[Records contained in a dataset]
────

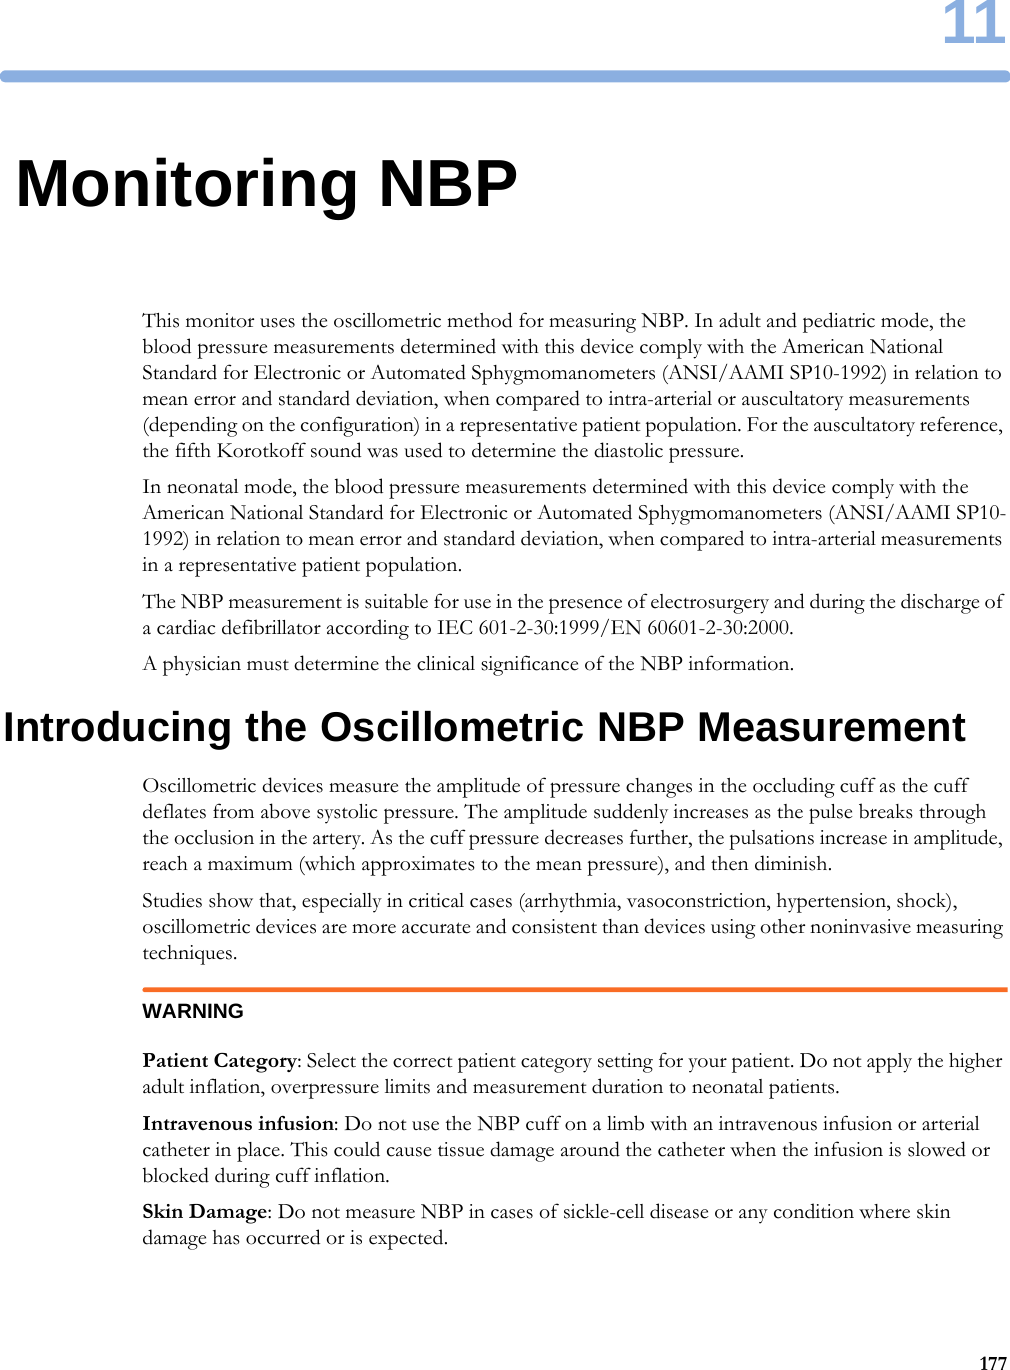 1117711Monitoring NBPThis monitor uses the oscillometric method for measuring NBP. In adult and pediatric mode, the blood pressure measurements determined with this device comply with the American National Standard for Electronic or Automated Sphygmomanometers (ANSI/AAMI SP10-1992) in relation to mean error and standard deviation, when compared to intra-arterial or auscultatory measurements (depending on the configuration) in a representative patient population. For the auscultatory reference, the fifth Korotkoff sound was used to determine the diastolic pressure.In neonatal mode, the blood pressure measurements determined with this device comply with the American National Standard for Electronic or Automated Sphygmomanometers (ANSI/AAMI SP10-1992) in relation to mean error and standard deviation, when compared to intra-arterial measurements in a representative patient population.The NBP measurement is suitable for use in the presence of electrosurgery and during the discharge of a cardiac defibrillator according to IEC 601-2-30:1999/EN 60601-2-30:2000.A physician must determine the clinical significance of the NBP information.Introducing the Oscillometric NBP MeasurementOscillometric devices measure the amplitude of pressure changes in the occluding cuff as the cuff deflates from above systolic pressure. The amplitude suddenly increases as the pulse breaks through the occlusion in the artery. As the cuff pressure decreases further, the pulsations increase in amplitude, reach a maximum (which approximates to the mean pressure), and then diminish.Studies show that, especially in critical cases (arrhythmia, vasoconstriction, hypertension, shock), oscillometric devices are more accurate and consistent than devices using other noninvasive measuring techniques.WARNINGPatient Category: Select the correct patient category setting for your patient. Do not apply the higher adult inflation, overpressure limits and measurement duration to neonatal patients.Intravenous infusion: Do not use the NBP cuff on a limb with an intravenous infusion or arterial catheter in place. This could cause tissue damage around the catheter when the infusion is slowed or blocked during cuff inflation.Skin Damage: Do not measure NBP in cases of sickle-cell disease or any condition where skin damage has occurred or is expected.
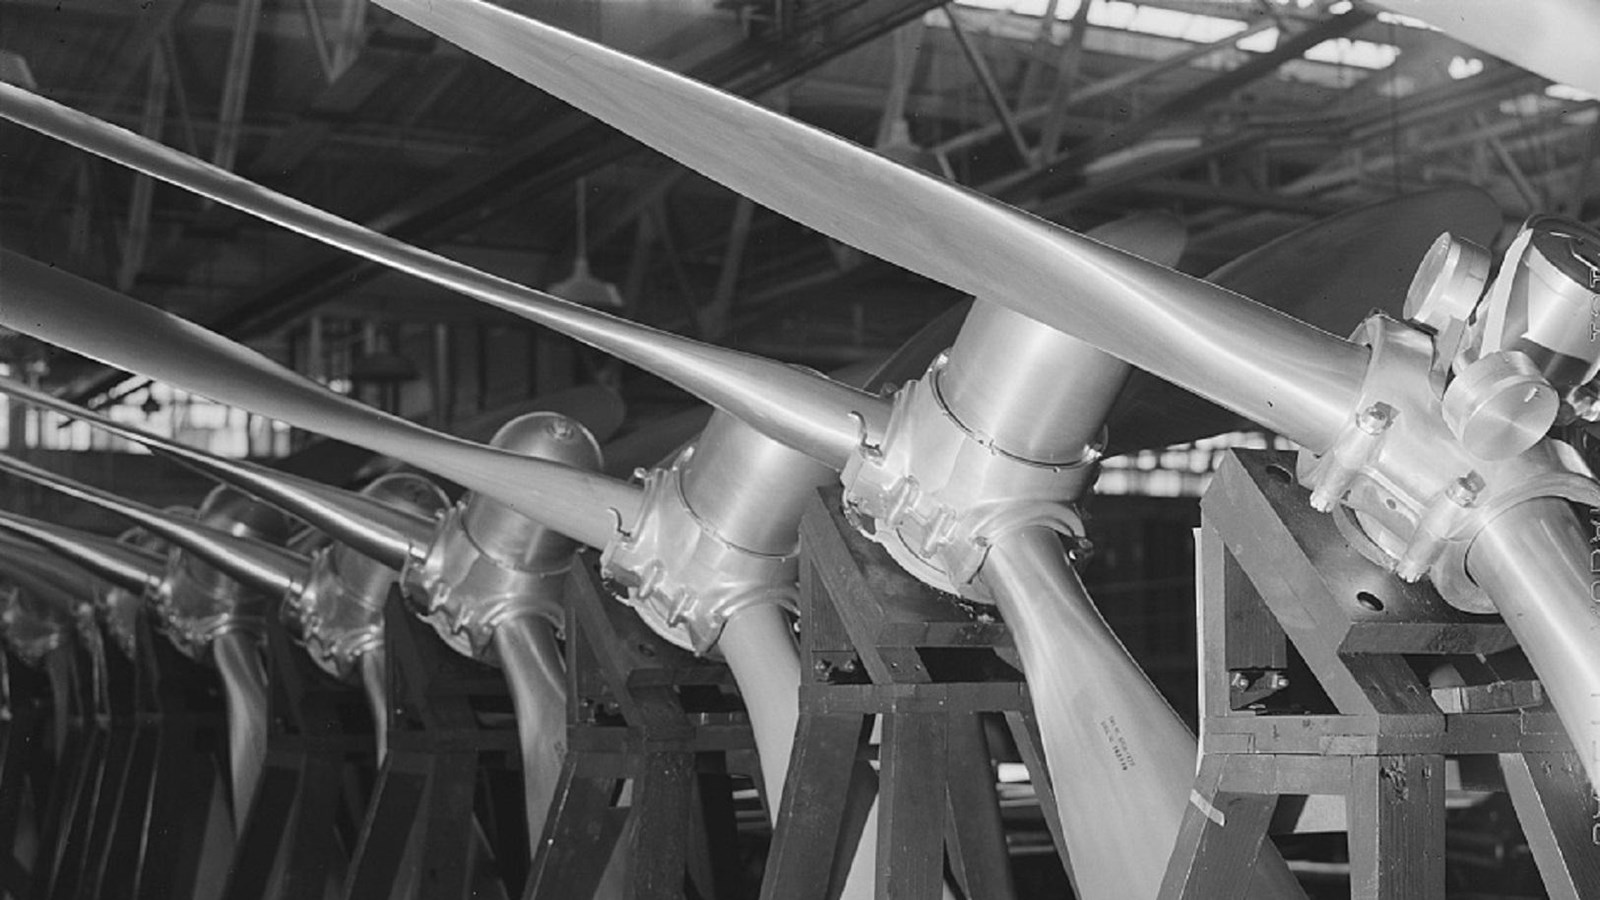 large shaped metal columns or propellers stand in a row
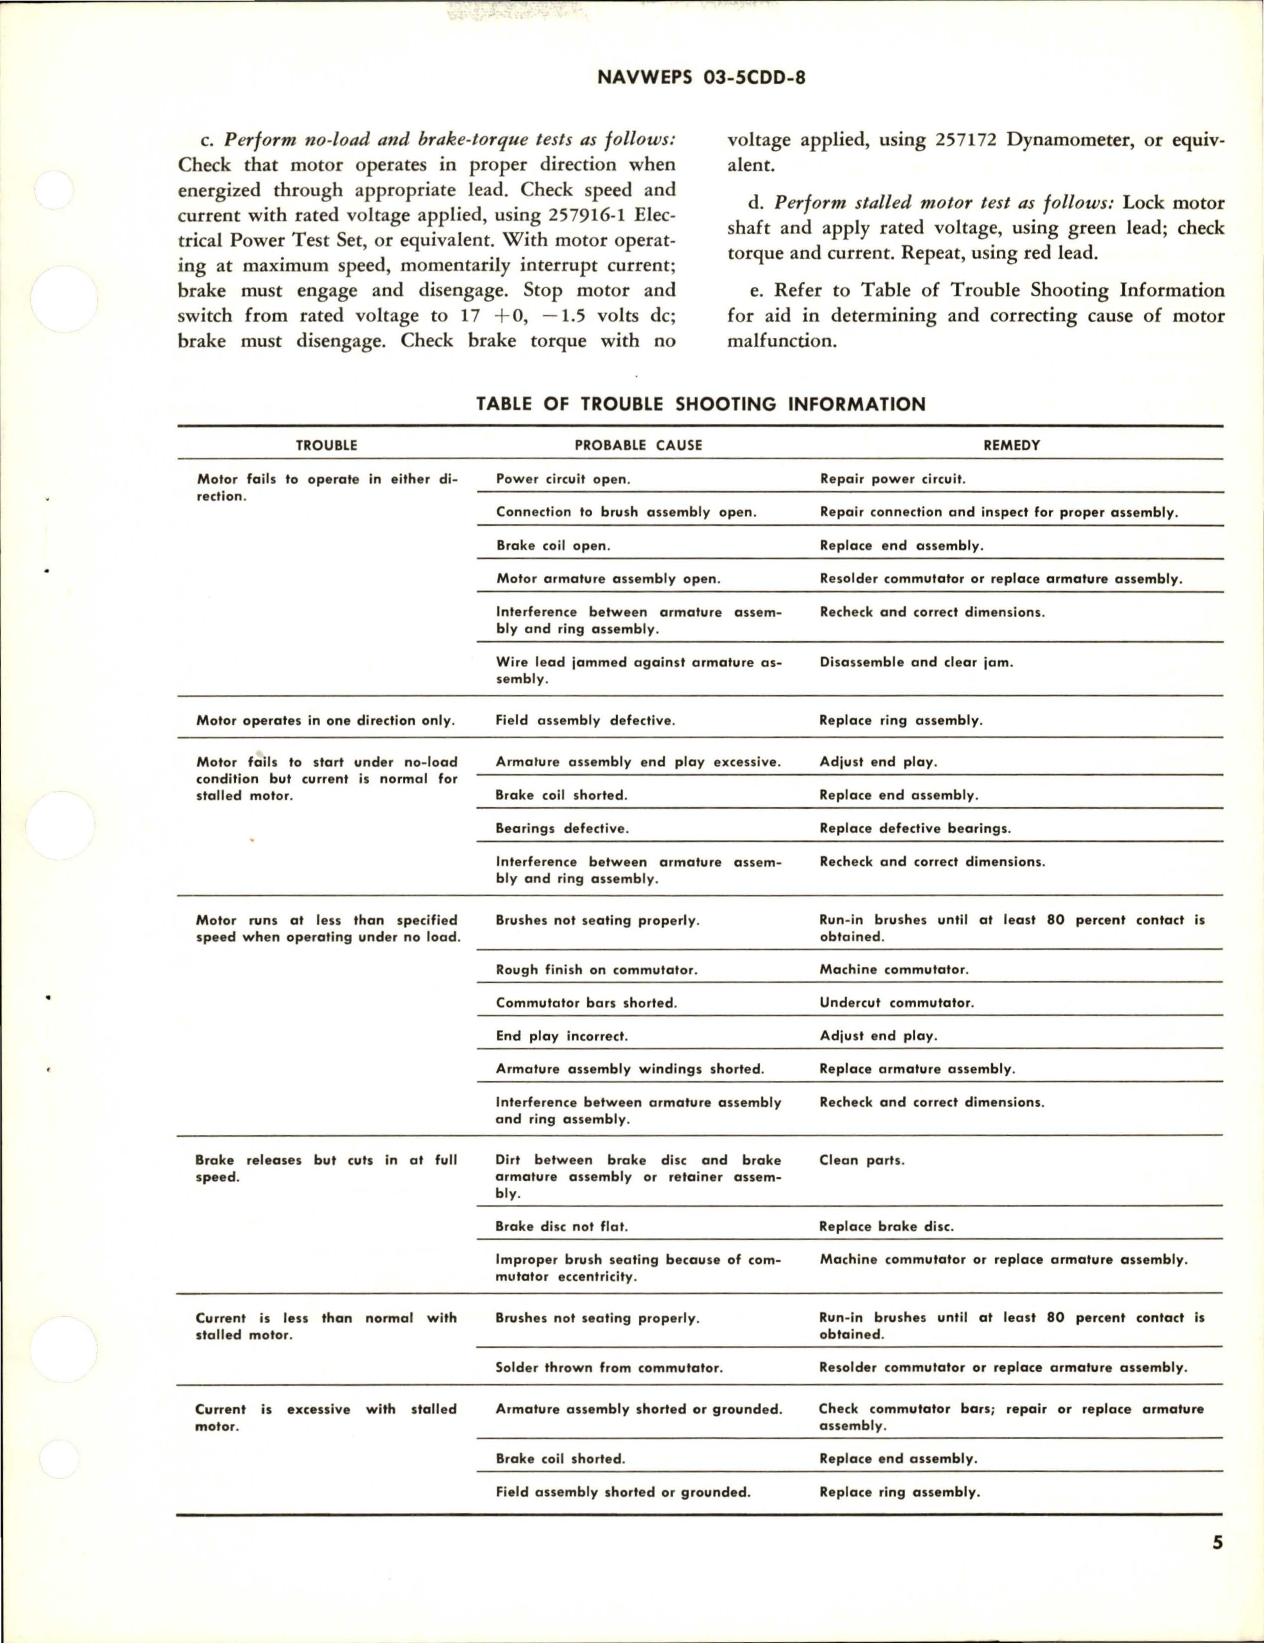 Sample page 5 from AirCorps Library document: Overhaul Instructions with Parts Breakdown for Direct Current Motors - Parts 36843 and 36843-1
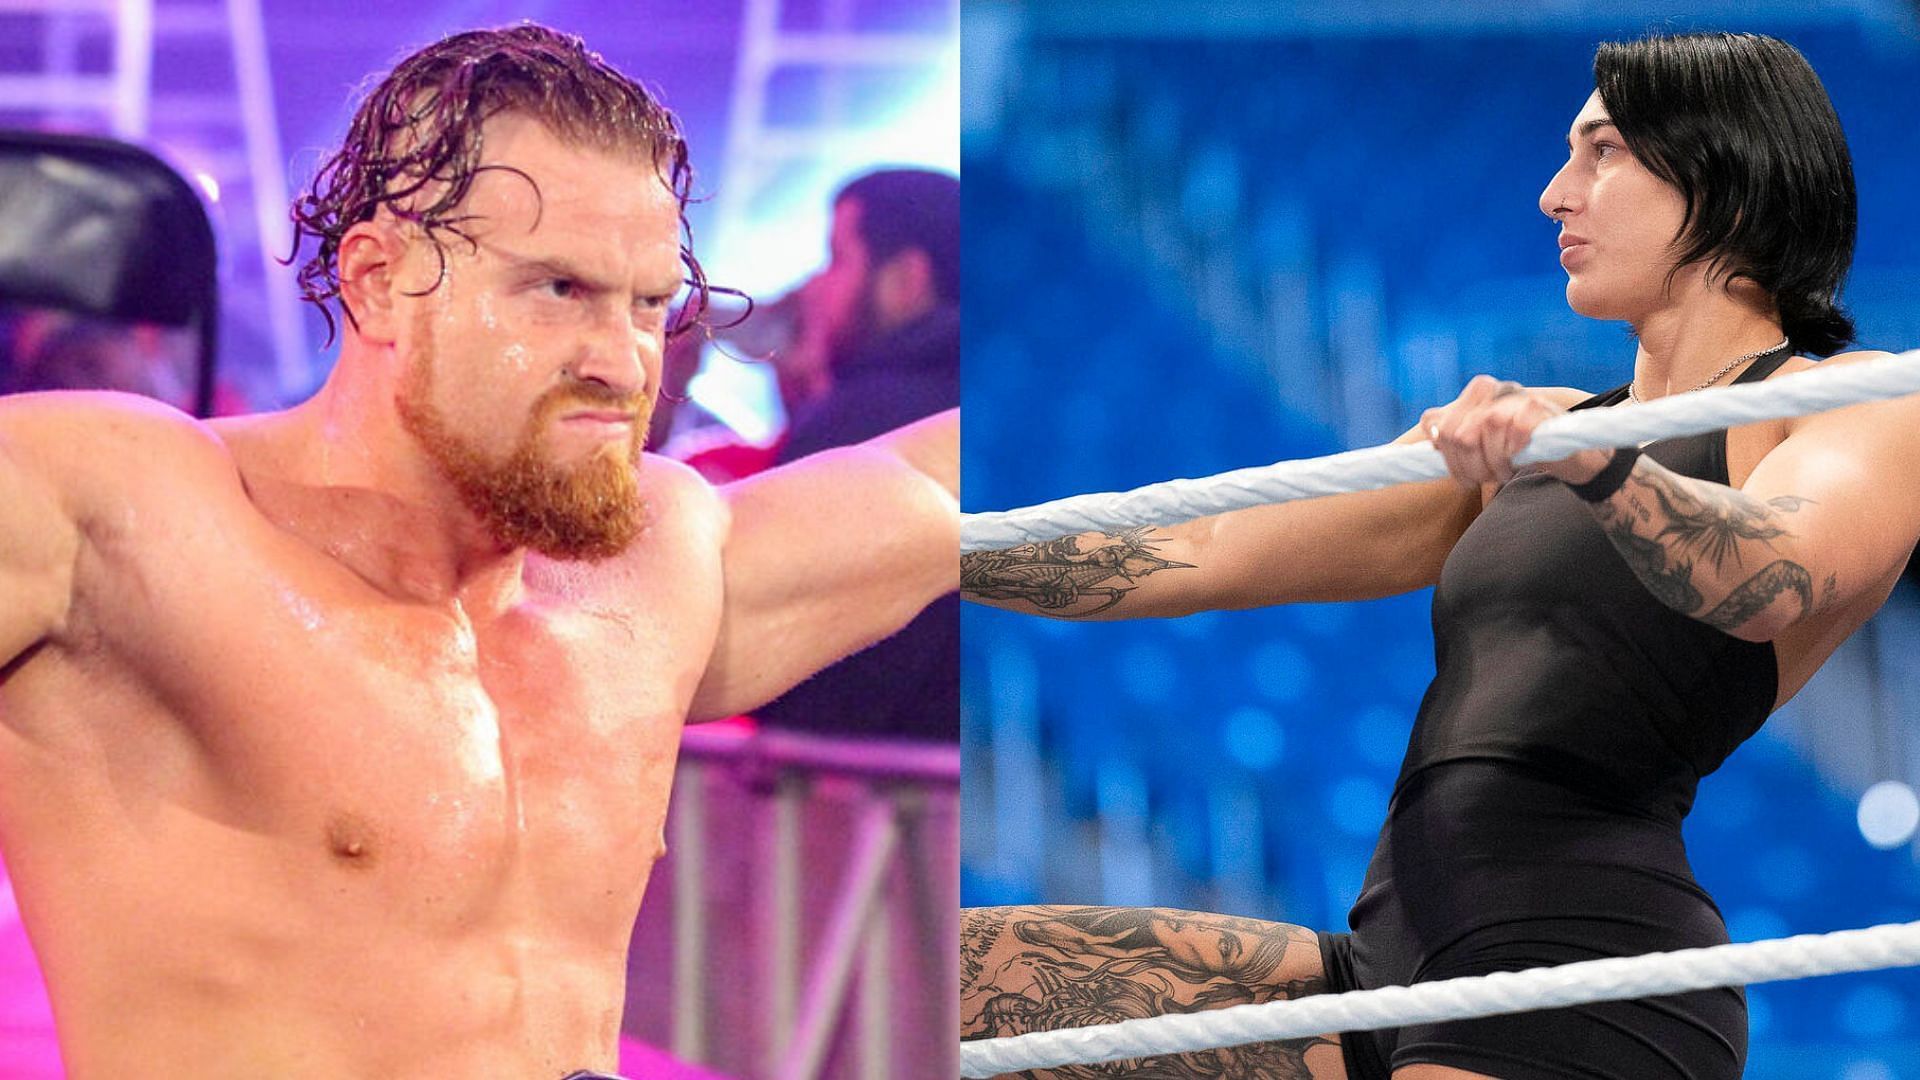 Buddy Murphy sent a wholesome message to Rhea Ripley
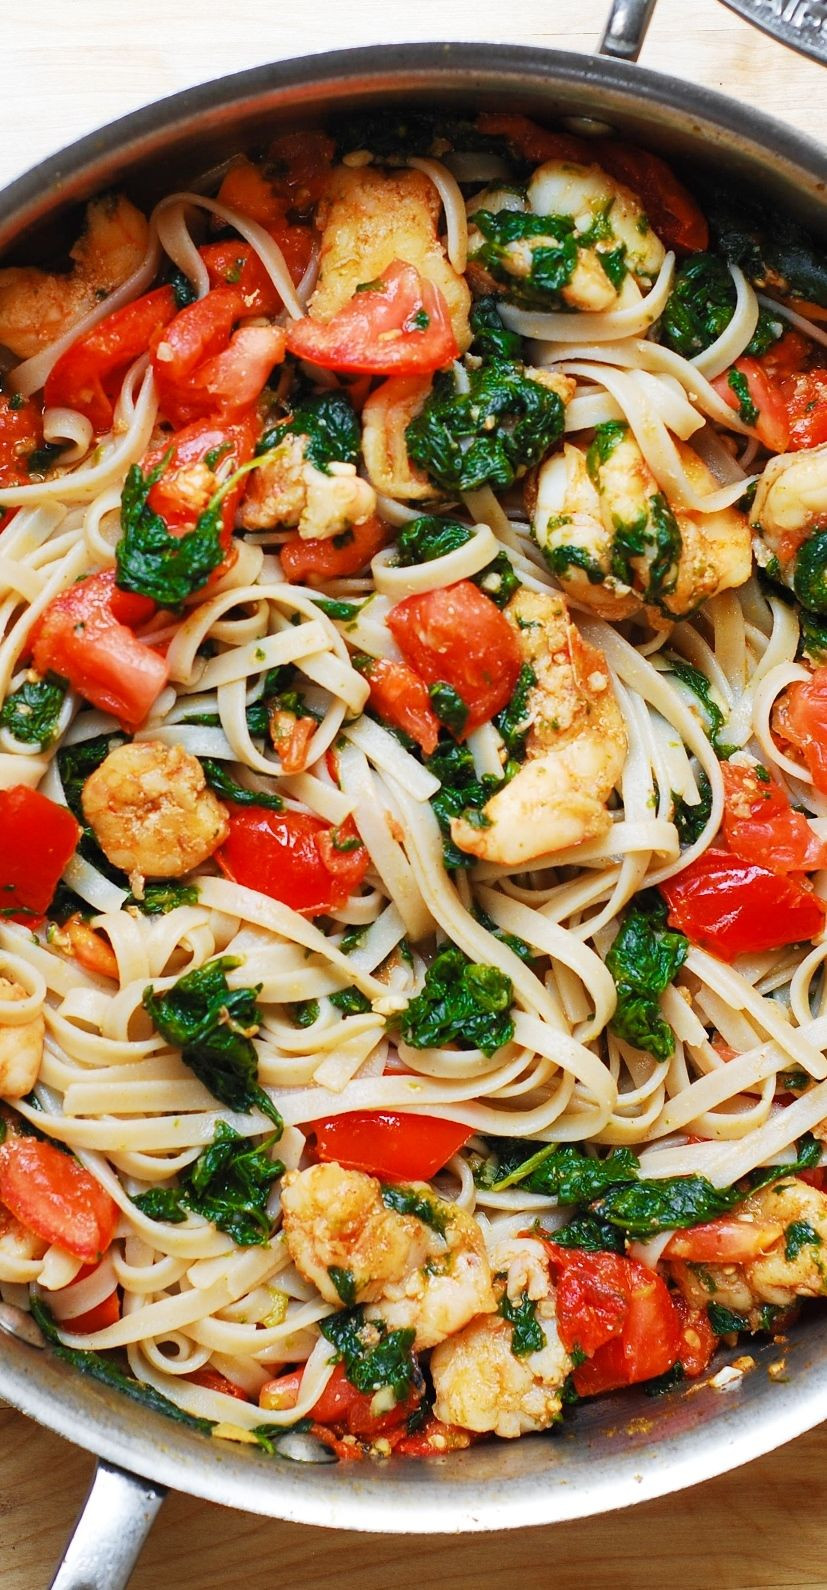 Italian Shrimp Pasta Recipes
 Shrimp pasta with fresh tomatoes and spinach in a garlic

────

Exercise objective -
Please restate the data word for word, leaving out any picture it holds.

Reply -
 1117711Monitoring NBPThis monitor uses the oscillometric method for measuring NBP. In adult and pediatric mode, the blood pressure measurements determined with this device comply with the American National Standard for Electronic or Automated Sphygmomanometers (ANSI/AAMI SP10-1992) in relation to mean error and standard deviation, when compared to intra-arterial or auscultatory measurements (depending on the configuration) in a representative patient population. For the auscultatory reference, the fifth Korotkoff sound was used to determine the diastolic pressure.In neonatal mode, the blood pressure measurements determined with this device comply with the American National Standard for Electronic or Automated Sphygmomanometers (ANSI/AAMI SP10-1992) in relation to mean error and standard deviation, when compared to intra-arterial measurements in a representative patient population.The NBP measurement is suitable for use in the presence of electrosurgery and during the discharge of a cardiac defibrillator according to IEC 601-2-30:1999/EN 60601-2-30:2000.A physician must determine the clinical significance of the NBP information.Introducing the Oscillometric NBP MeasurementOscillometric devices measure the amplitude of pressure changes in the occluding cuff as the cuff deflates from above systolic pressure. The amplitude suddenly increases as the pulse breaks through the occlusion in the artery. As the cuff pressure decreases further, the pulsations increase in amplitude, reach a maximum (which approximates to the mean pressure), and then diminish.Studies show that, especially in critical cases (arrhythmia, vasoconstriction, hypertension, shock), oscillometric devices are more accurate and consistent than devices using other noninvasive measuring techniques.WARNINGPatient Category: Select the correct patient category setting for your patient. Do not apply the higher adult inflation, overpressure limits and measurement duration to neonatal patients.Intravenous infusion: Do not use the NBP cuff on a limb with an intravenous infusion or arterial catheter in place. This could cause tissue damage around the catheter when the infusion is slowed or blocked during cuff inflation.Skin Damage: Do not measure NBP in cases of sickle-cell disease or any condition where skin damage has occurred or is expected.
 large shaped metal columns or propellers stand in a row
 Sample page 5 from AirCorps Library document: Overhaul Instructions with Parts Breakdown for Direct Current Motors - Parts 36843 and 36843-1
 Buddy Murphy sent a wholesome message to Rhea Ripley
 Italian Shrimp Pasta Recipes
 Shrimp pasta with fresh tomatoes and spinach in a garlic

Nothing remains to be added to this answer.